-- What the task requires --
Line for line, return the data exactly, omitting all pictures.

-- Data section --
%%
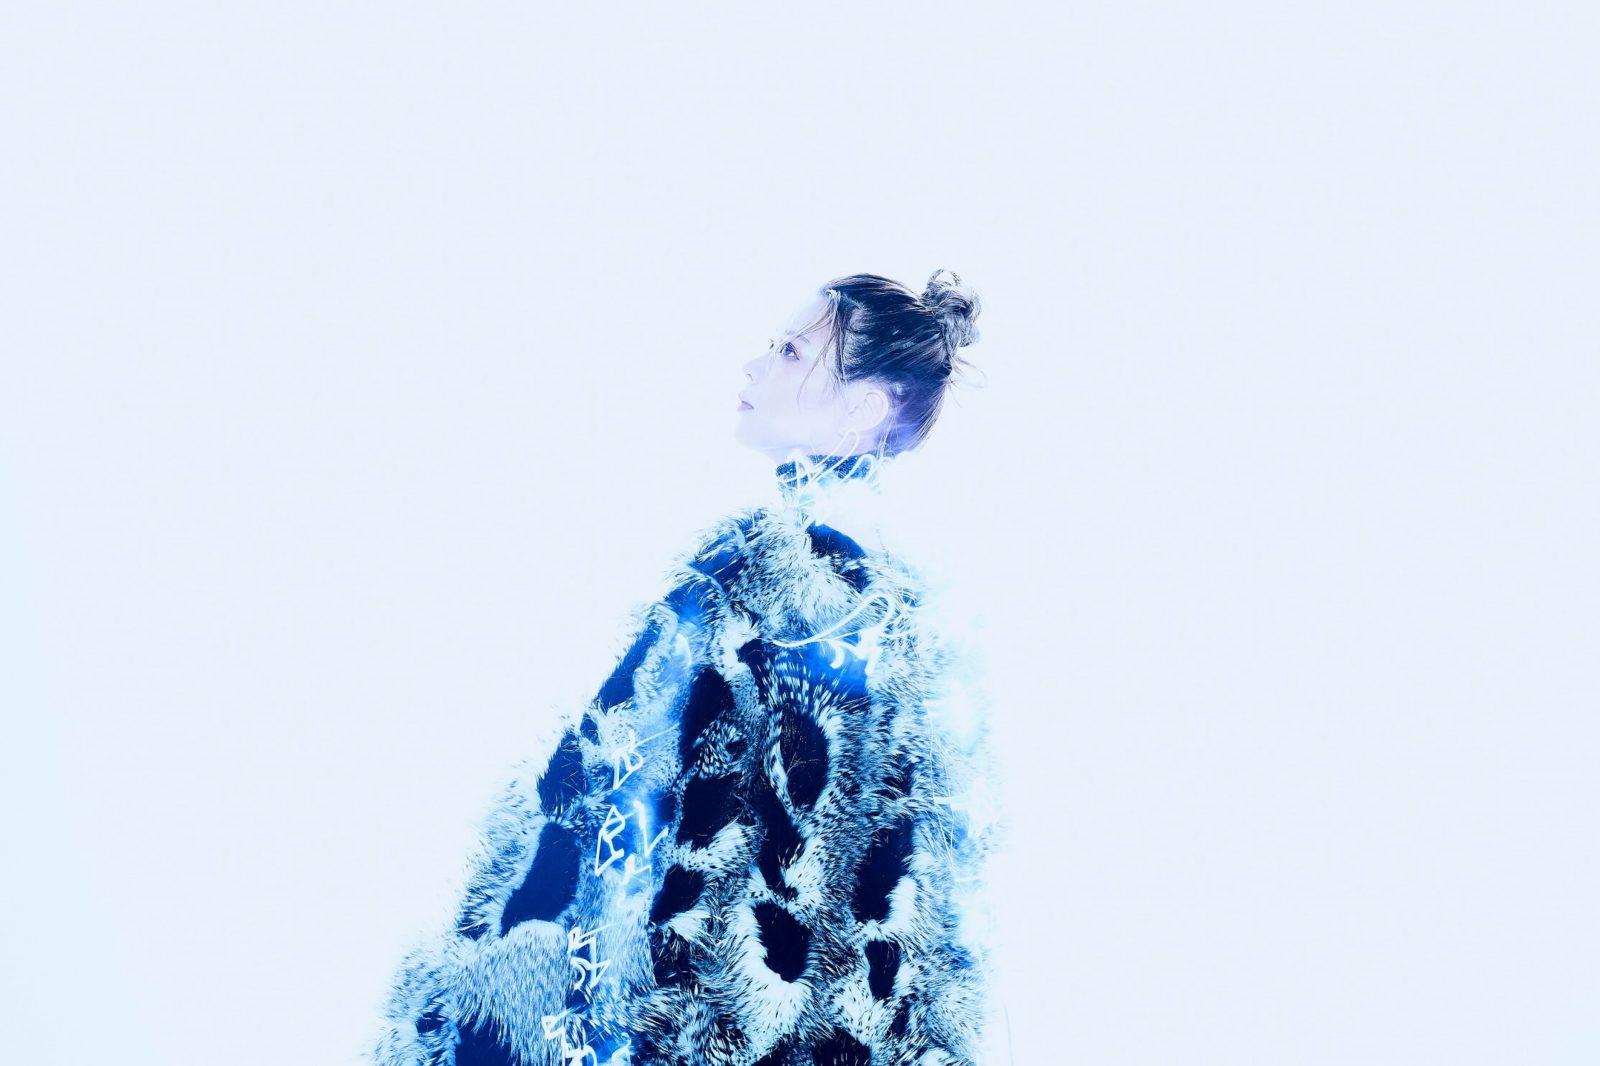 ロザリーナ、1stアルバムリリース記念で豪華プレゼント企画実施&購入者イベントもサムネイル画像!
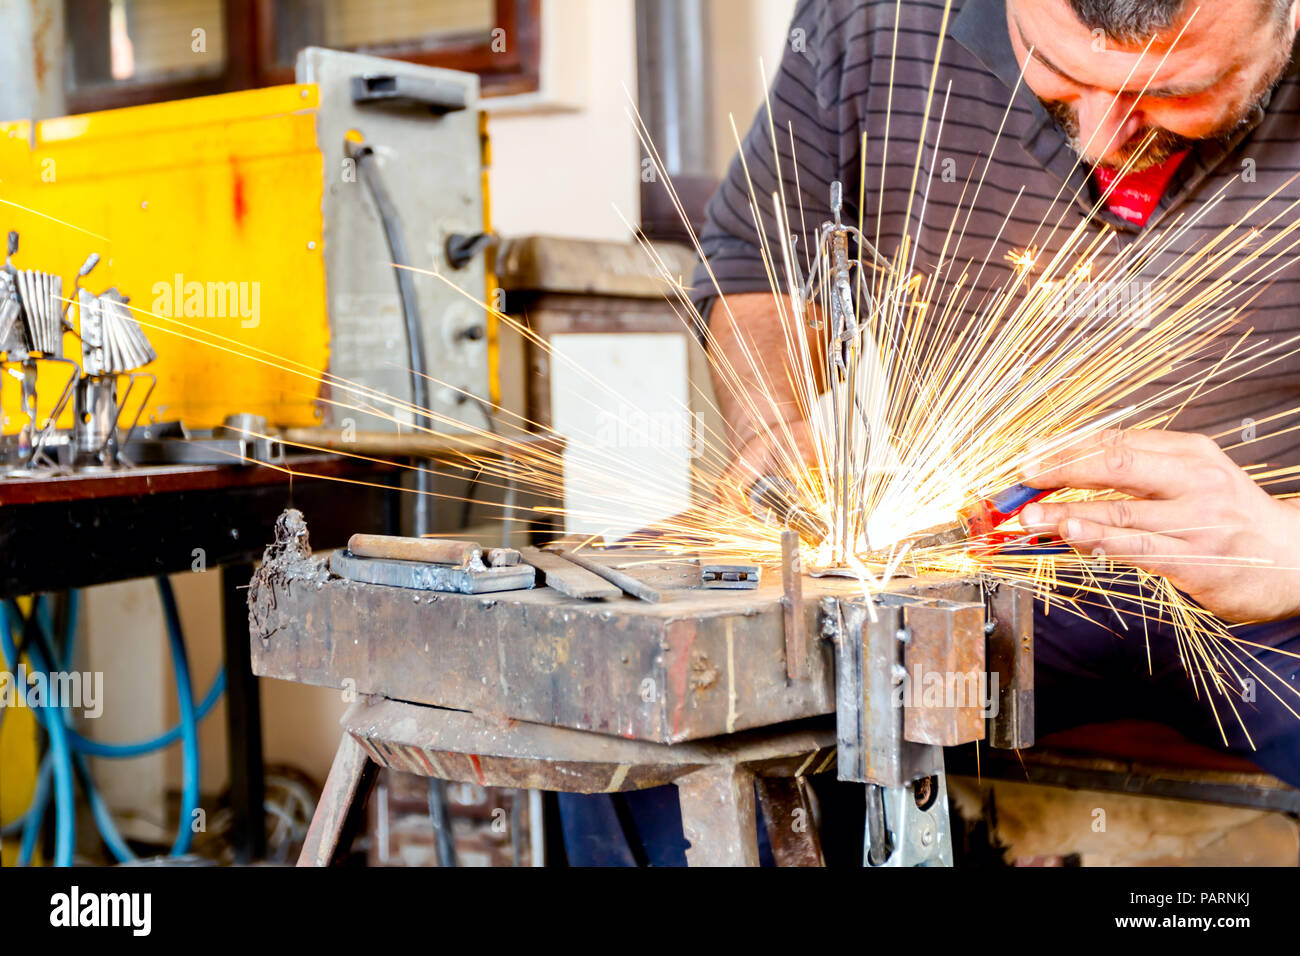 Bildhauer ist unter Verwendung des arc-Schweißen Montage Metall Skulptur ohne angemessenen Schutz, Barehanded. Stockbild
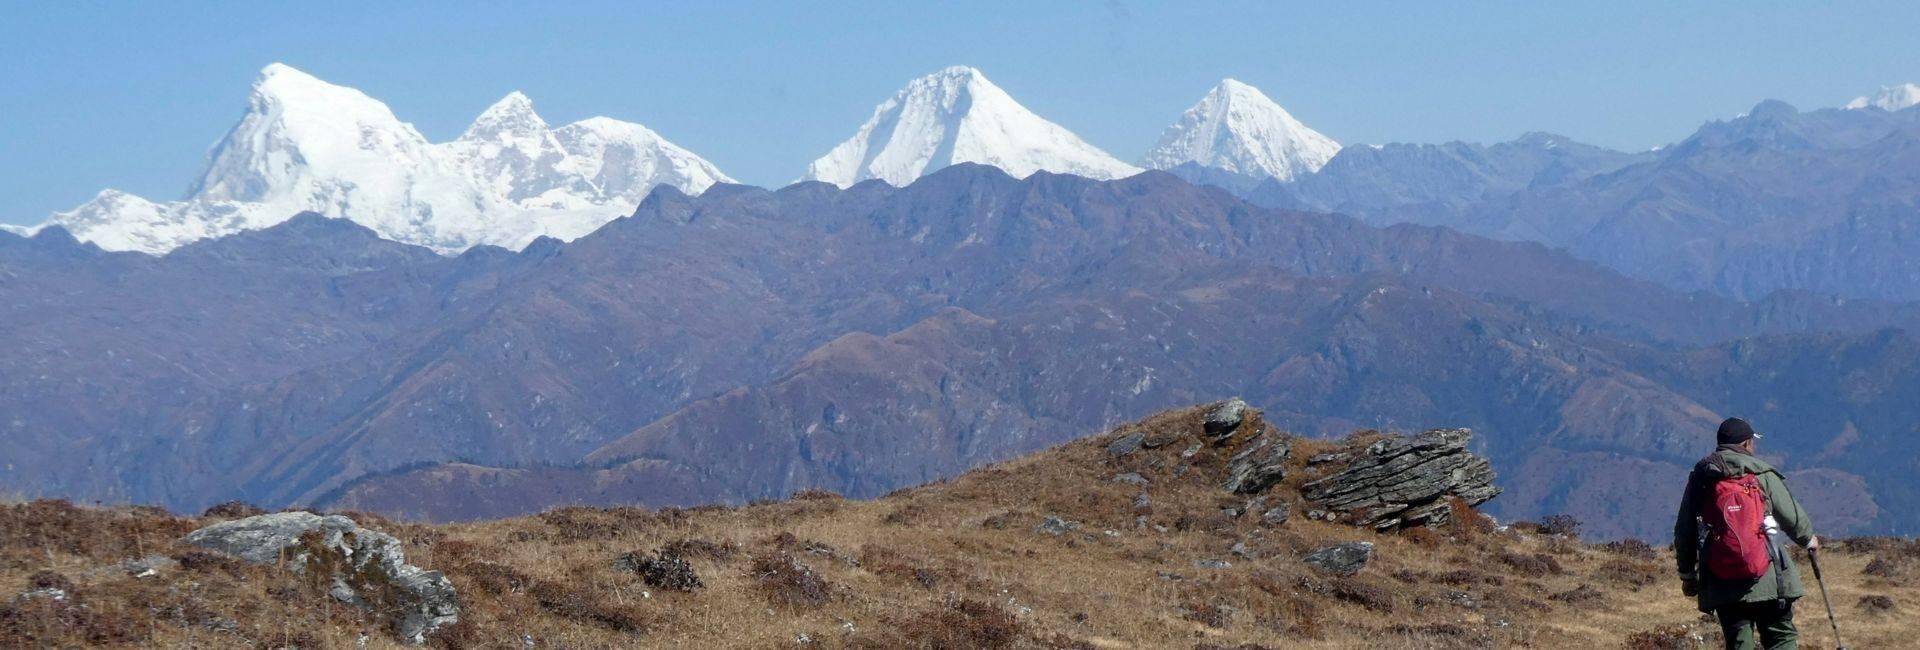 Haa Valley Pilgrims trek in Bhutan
%%
-- Output for this exercise --
 ロザリーナ、1stアルバムリリース記念で豪華プレゼント企画実施&購入者イベントもサムネイル画像!
 Bildhauer ist unter Verwendung des arc-Schweißen Montage Metall Skulptur ohne angemessenen Schutz, Barehanded. Stockbild
 Haa Valley Pilgrims trek in Bhutan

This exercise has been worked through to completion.